Here's some code to use AudioQueue, which I've modified from the SpeakHere example. I kind of pasted the good parts, so there may be something dangling here or there, but this should be a good start if you want to use this approach:
AudioStreamBasicDescription format;
memset(&format, 0, sizeof(format));
format.mSampleRate = 44100;
format.mFormatID = kAudioFormatLinearPCM;
format.mFormatFlags = kLinearPCMFormatFlagIsSignedInteger | kLinearPCMFormatFlagIsPacked;
format.mChannelsPerFrame = 1;
format.mBitsPerChannel = 16;
format.mBytesPerFrame = (format.mBitsPerChannel / 8) * format.mChannelsPerFrame;
format.mFramesPerPacket = 1;
format.mBytesPerPacket = format.mBytesPerFrame * format.mFramesPerPacket;
AudioQueueRef queue;
AudioQueueNewOutput(&format,
AQPlayer::AQOutputCallback,
this, // opaque reference to whatever you like
CFRunLoopGetCurrent(),
kCFRunLoopCommonModes,
0,
&queue);
const int bufferSize = 0xA000; // 48K - around 1/2 sec of 44kHz 16 bit mono PCM
for (int i = 0; i < kNumberBuffers; ++i)
AudioQueueAllocateBufferWithPacketDescriptions(queue, bufferSize, 0, &mBuffers[i]);
AudioQueueSetParameter(queue, kAudioQueueParam_Volume, 1.0);
UInt32 category = kAudioSessionCategory_MediaPlayback;
AudioSessionSetProperty(kAudioSessionProperty_AudioCategory, sizeof(category), &category);
AudioSessionSetActive(true);
// prime the queue with some data before starting
for (int i = 0; i < kNumberBuffers; ++i)
OutputCallback(queue, mBuffers[i]);
AudioQueueStart(queue, NULL);
The code above refers to this output callback.
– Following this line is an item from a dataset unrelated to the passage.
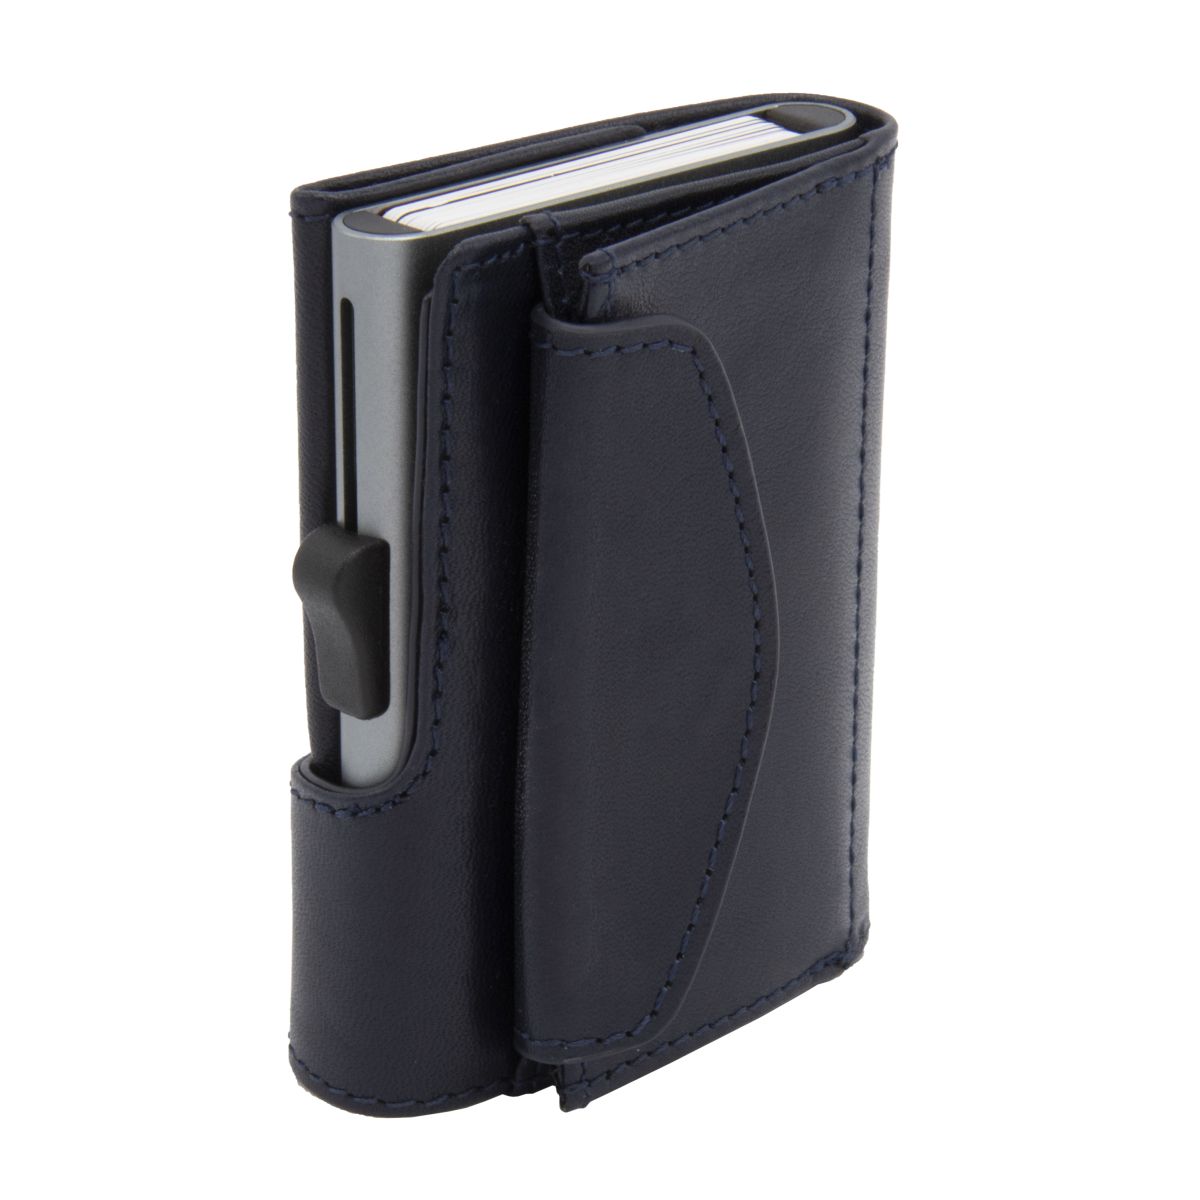 C- Secure Men's Limited Edition Coin Pocket Card Holder Wallet

Each time this callback executes, fill the buffer passed in with your generated audio. Here, I'm filling it with random noise.
void OutputCallback(void* inUserData, AudioQueueRef inAQ, AudioQueueBufferRef inCompleteAQBuffer) {
// Fill
//AQPlayer* that = (AQPlayer*) inUserData;
inCompleteAQBuffer->mAudioDataByteSize = next->mAudioDataBytesCapacity;
for (int i = 0; i < inCompleteAQBuffer->mAudioDataByteSize; ++i)
next->mAudioData[i] = rand();
AudioQueueEnqueueBuffer(queue, inCompleteAQBuffer, 0, NULL);
}
It sounds like you're coming from a platform that had a simple built in tone generator. The iPhone doesn't have anything like that. It's easier to play simple sounds from sound files. AudioUnit is for actually processing and generating real music.
So, yes, you do need an audio file to play a sound simply.